BEGIN Dataset section
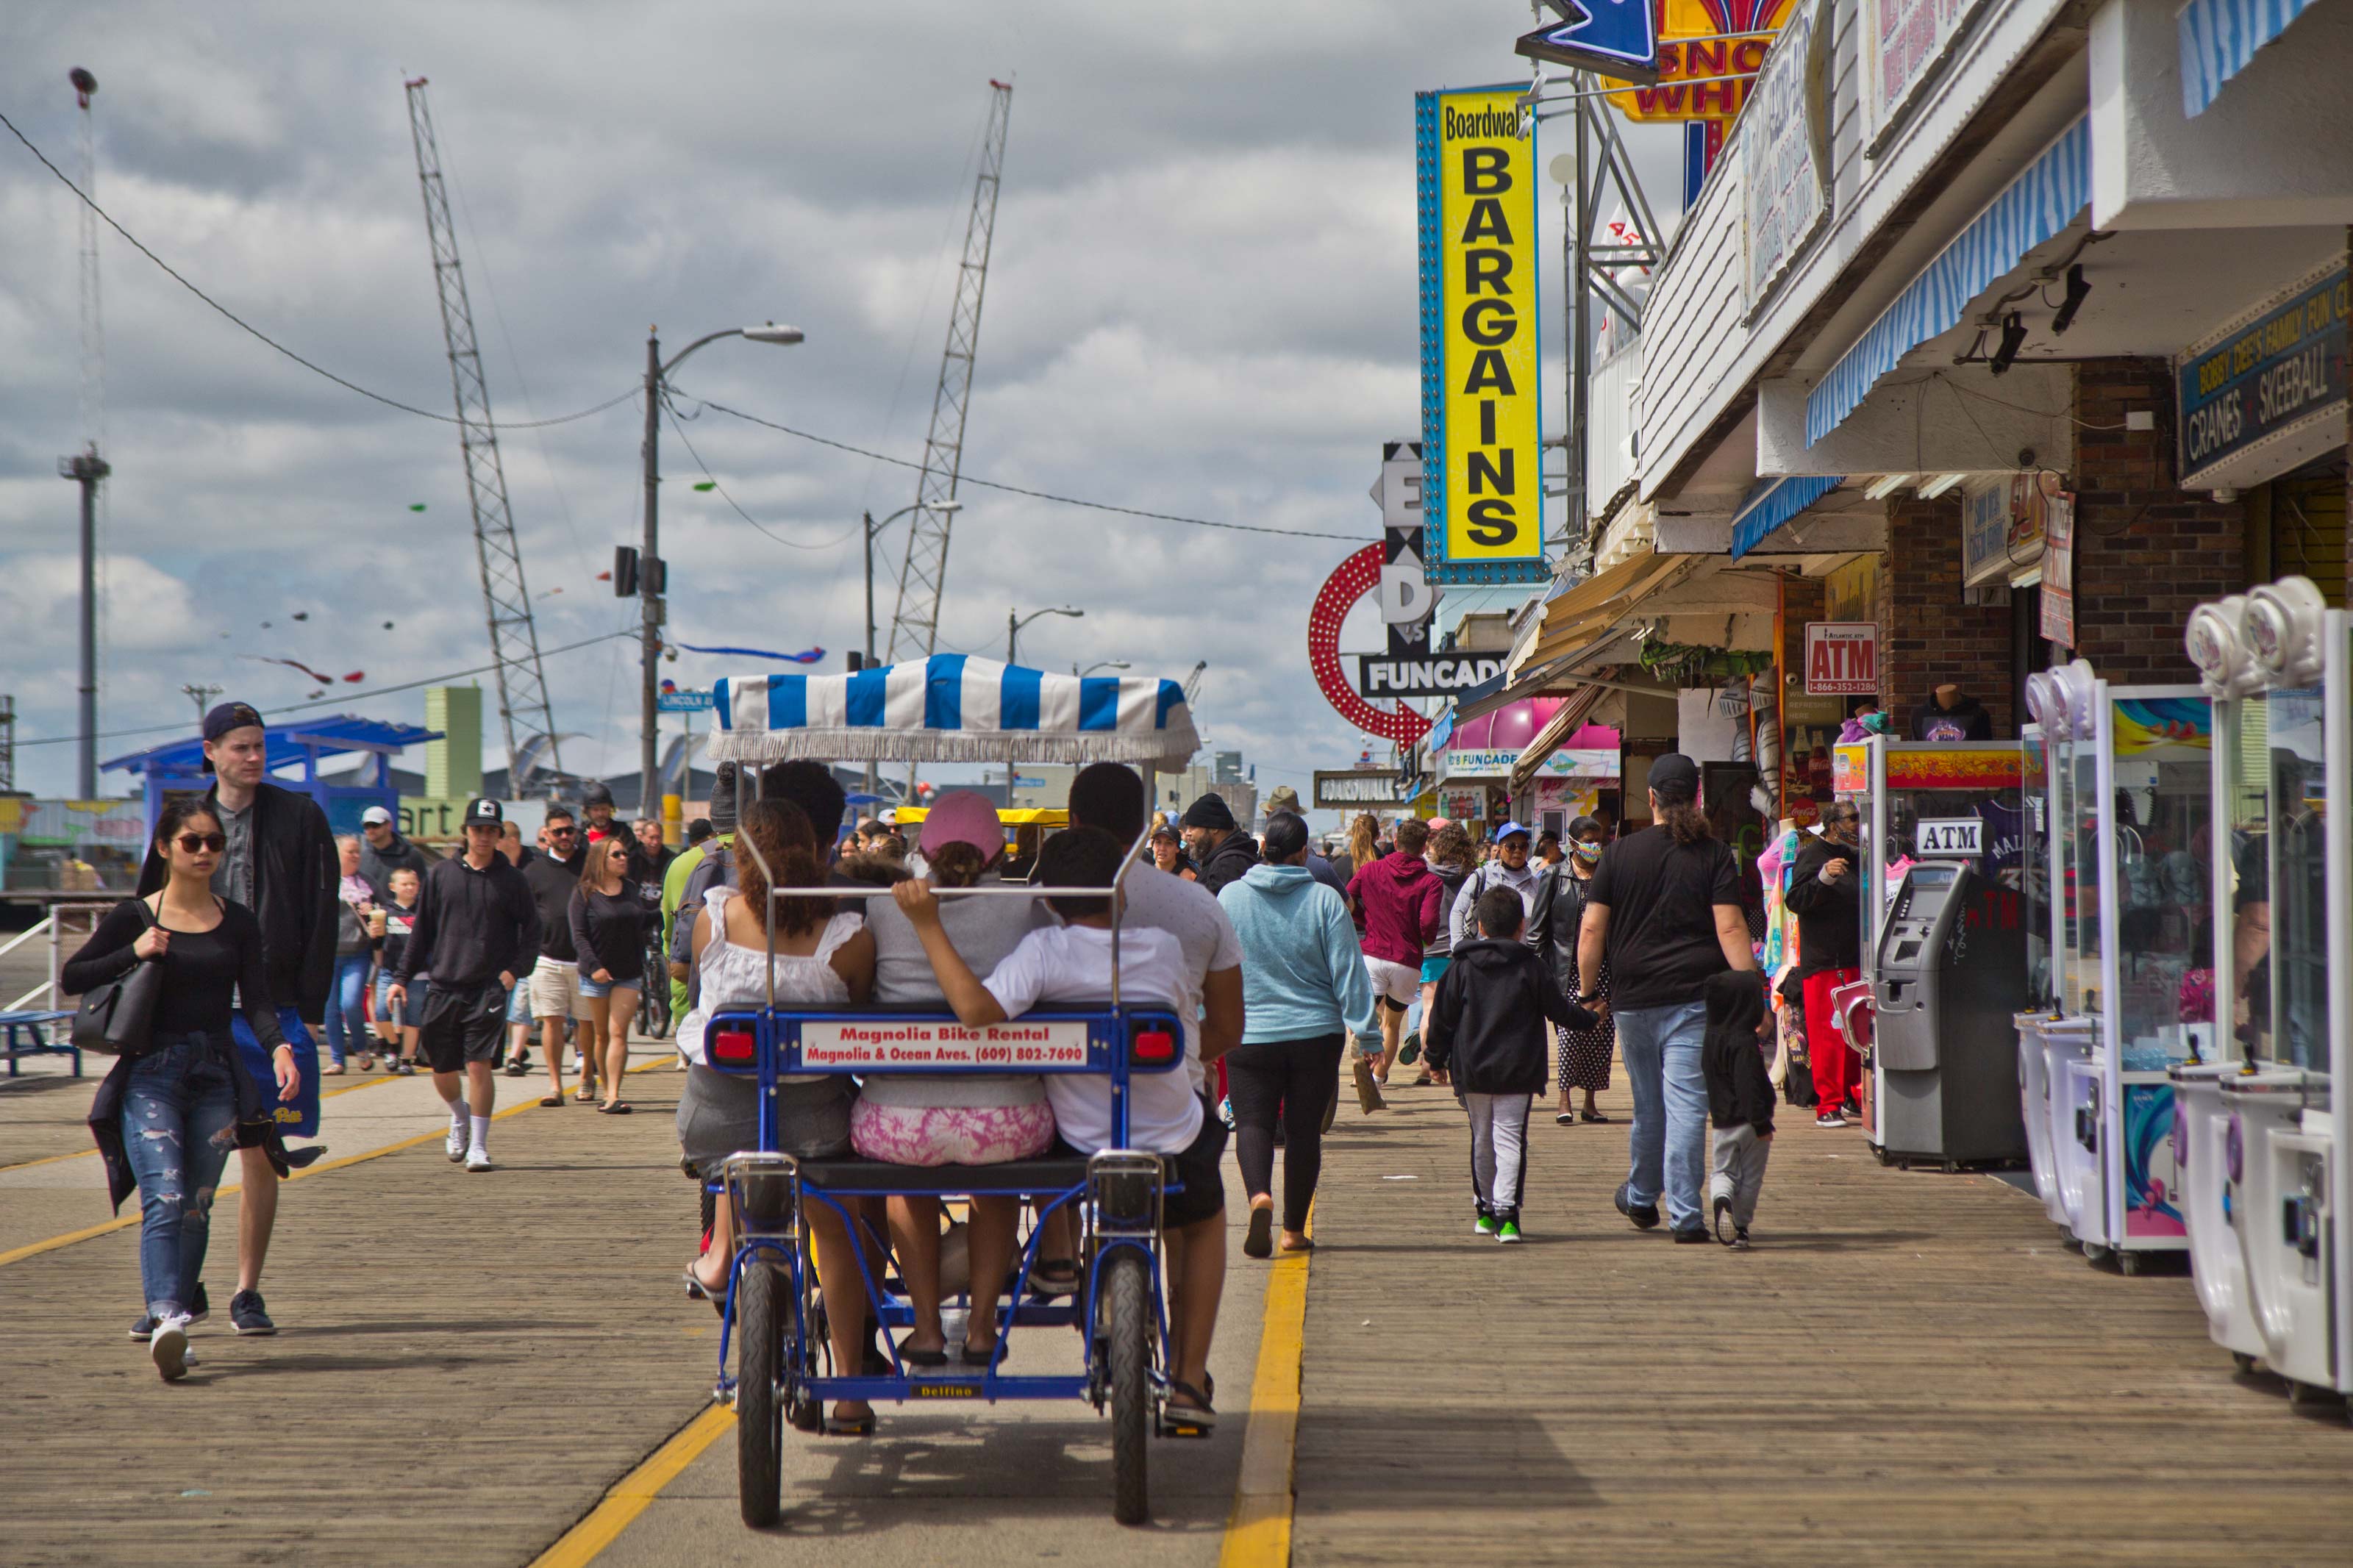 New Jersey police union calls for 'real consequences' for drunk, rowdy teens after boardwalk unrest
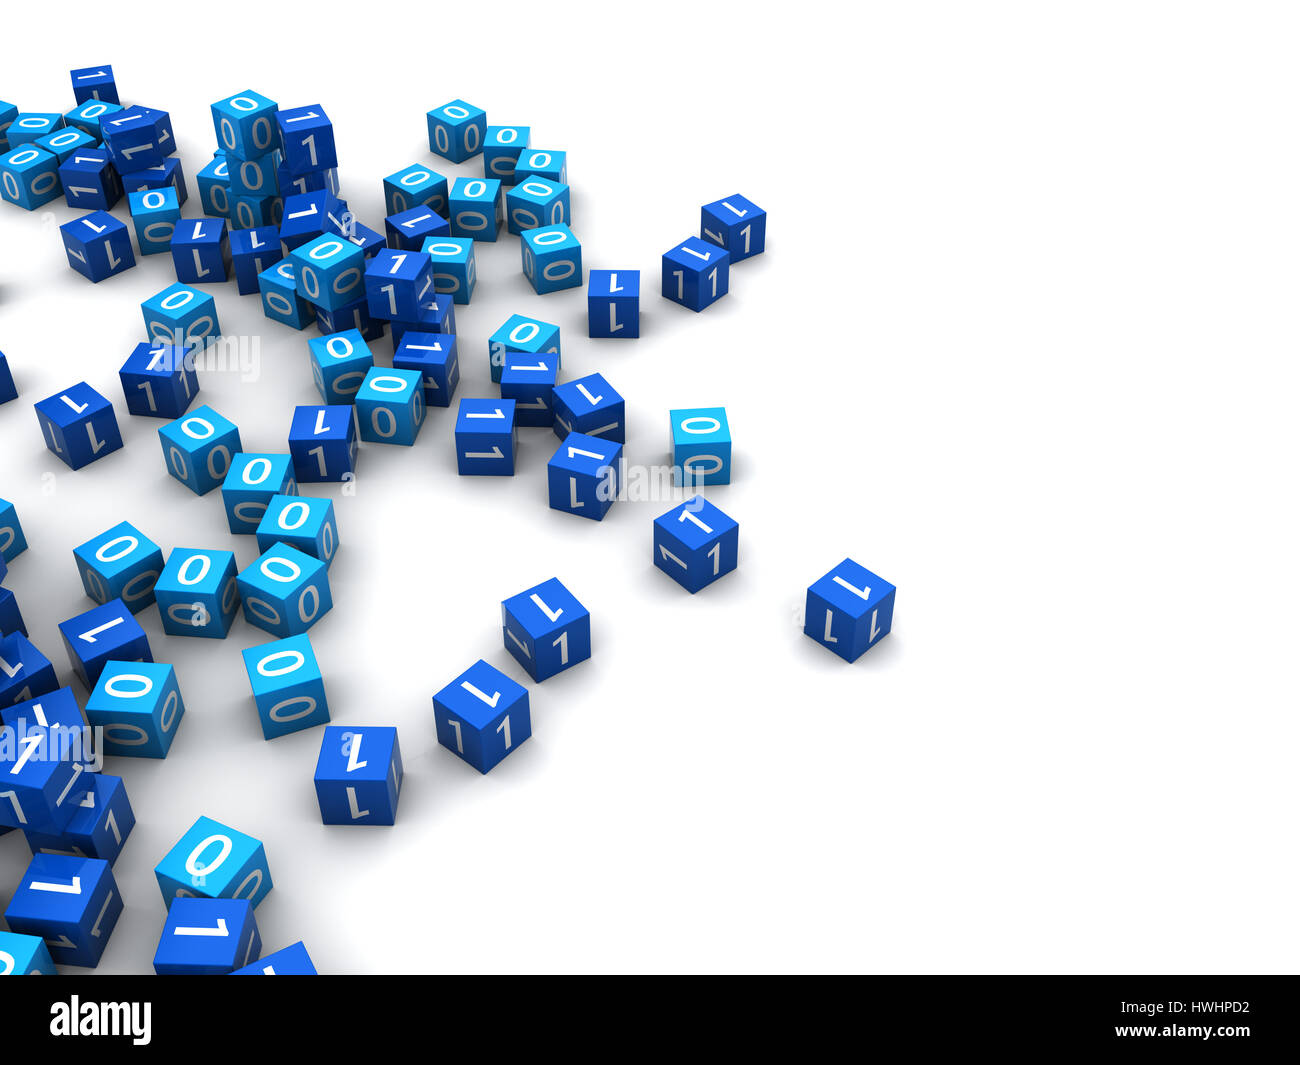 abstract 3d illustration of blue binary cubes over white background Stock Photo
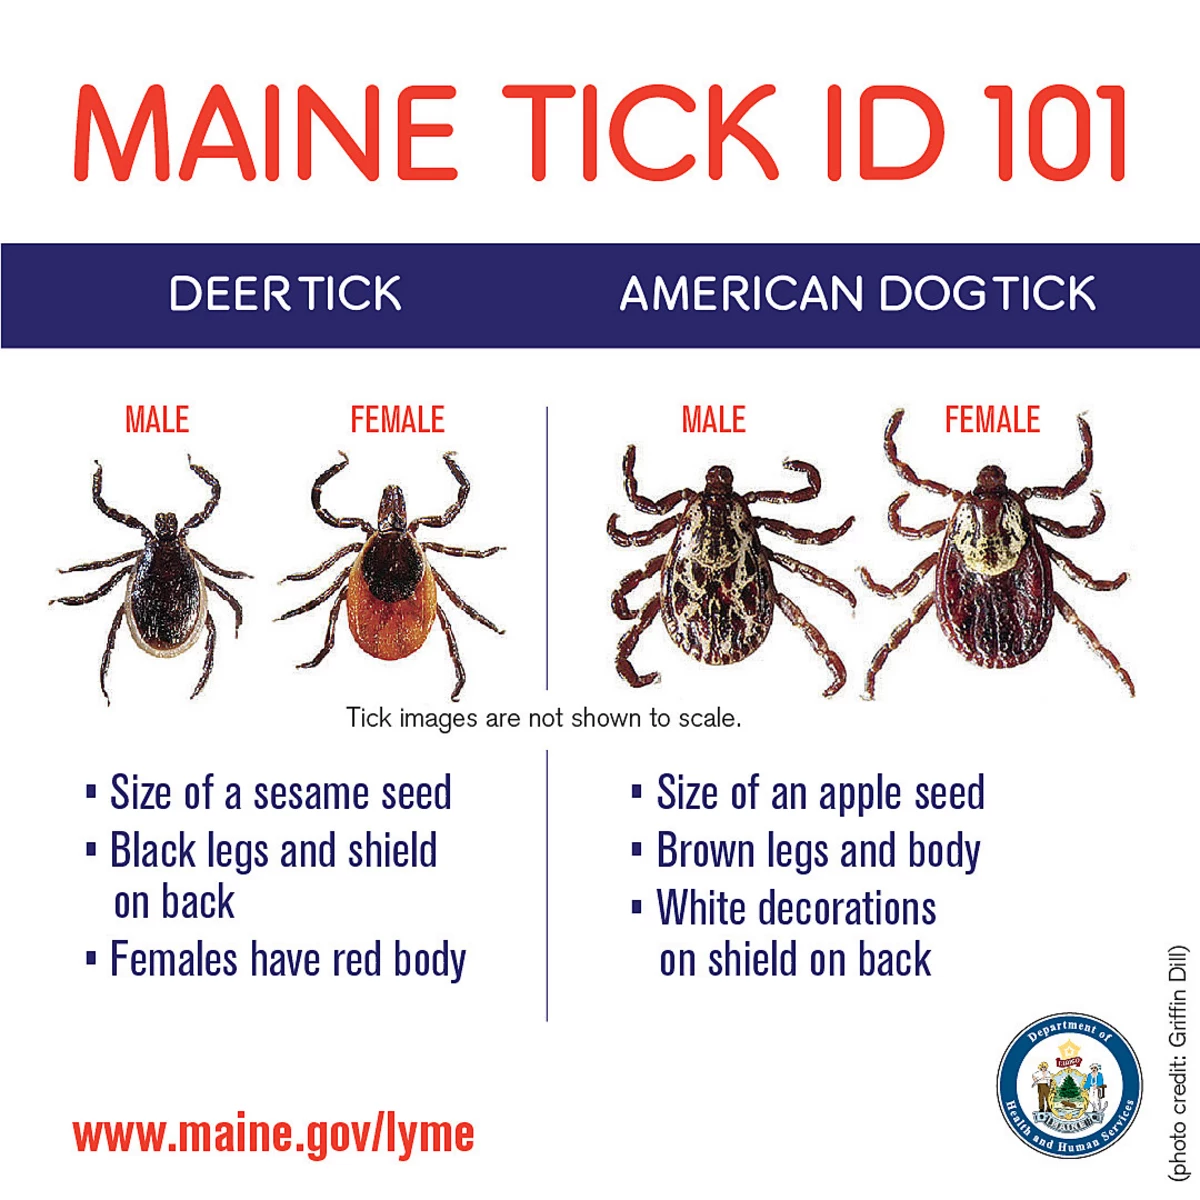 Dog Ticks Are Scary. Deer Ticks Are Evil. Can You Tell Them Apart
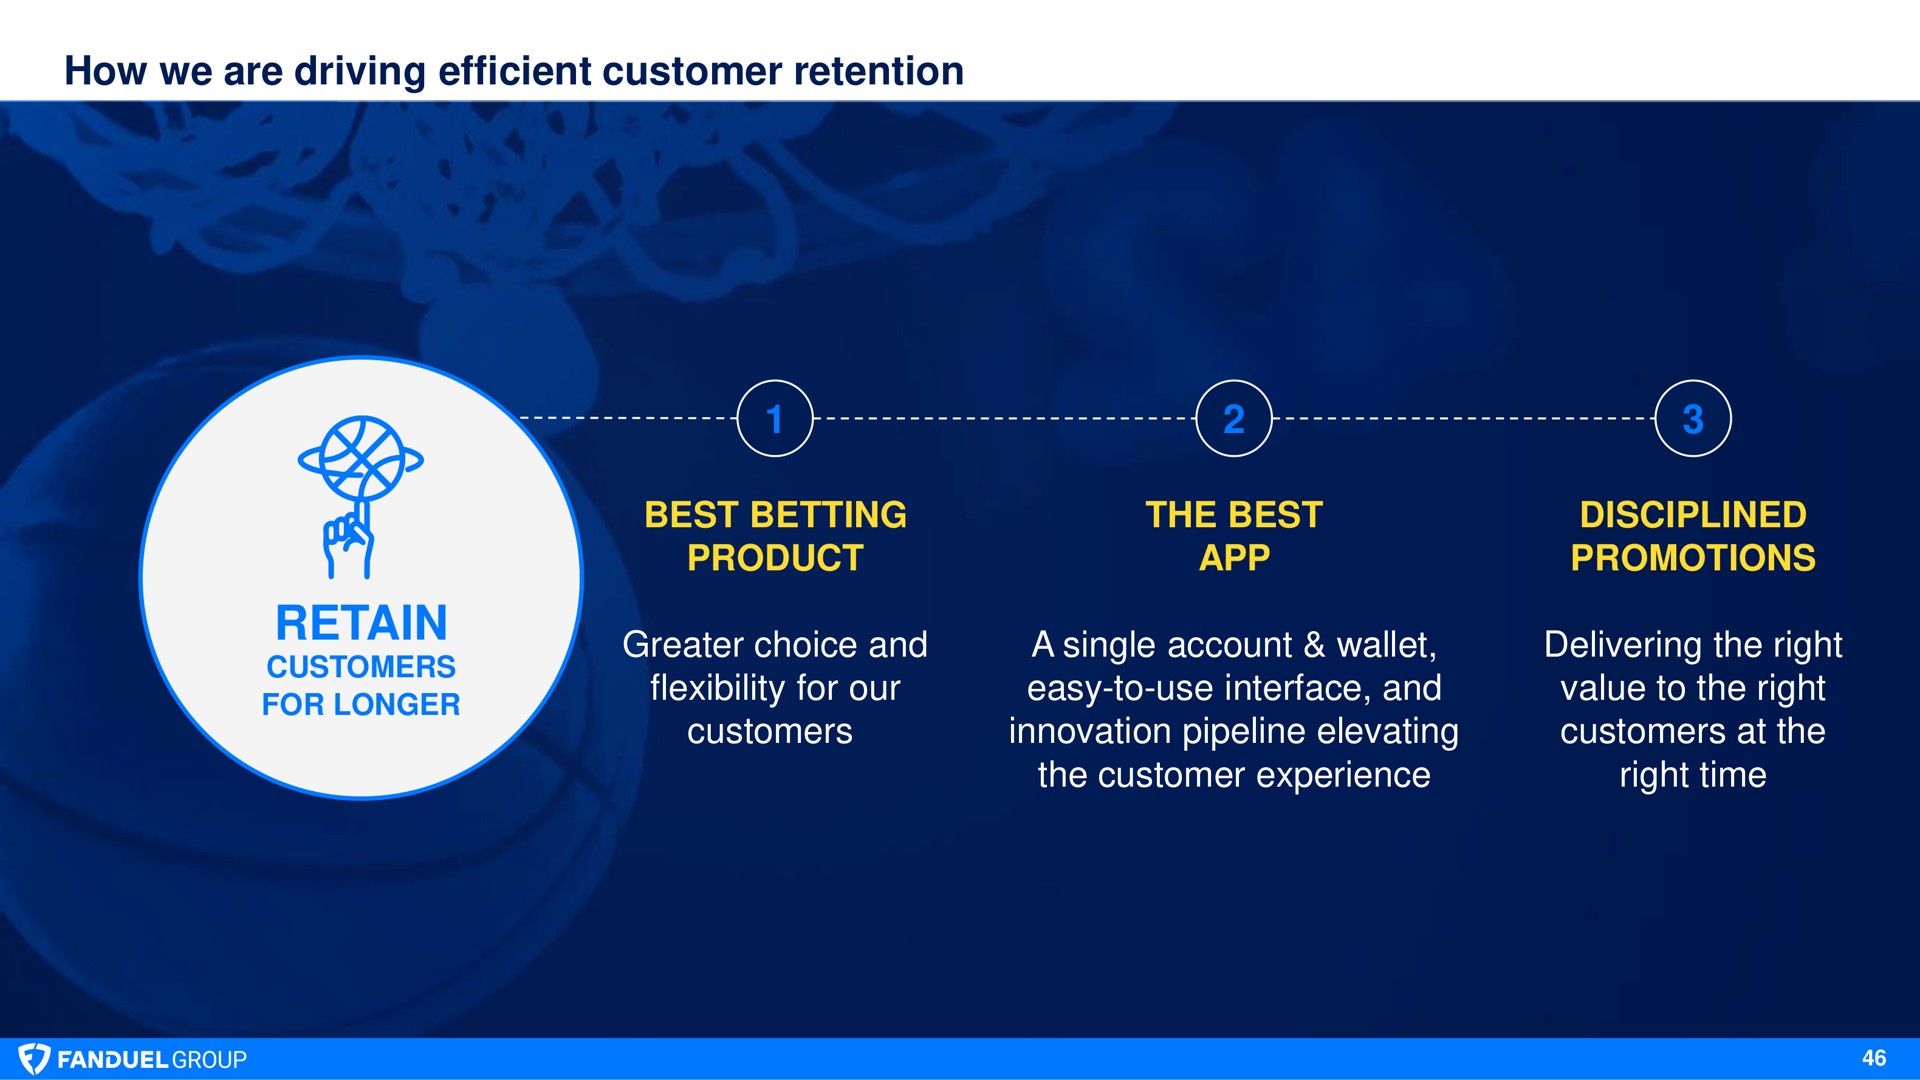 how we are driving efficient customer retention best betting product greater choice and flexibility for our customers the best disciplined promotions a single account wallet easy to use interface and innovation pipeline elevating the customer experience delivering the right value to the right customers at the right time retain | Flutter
END Dataset section
**Activity**
Please give back the data above word for word, with no pictures included.

**Written response**
 New Jersey police union calls for 'real consequences' for drunk, rowdy teens after boardwalk unrest
 abstract 3d illustration of blue binary cubes over white background Stock Photo
 Dog Ticks Are Scary. Deer Ticks Are Evil. Can You Tell Them Apart
 how we are driving efficient customer retention best betting product greater choice and flexibility for our customers the best disciplined promotions a single account wallet easy to use interface and innovation pipeline elevating the customer experience delivering the right value to the right customers at the right time retain | Flutter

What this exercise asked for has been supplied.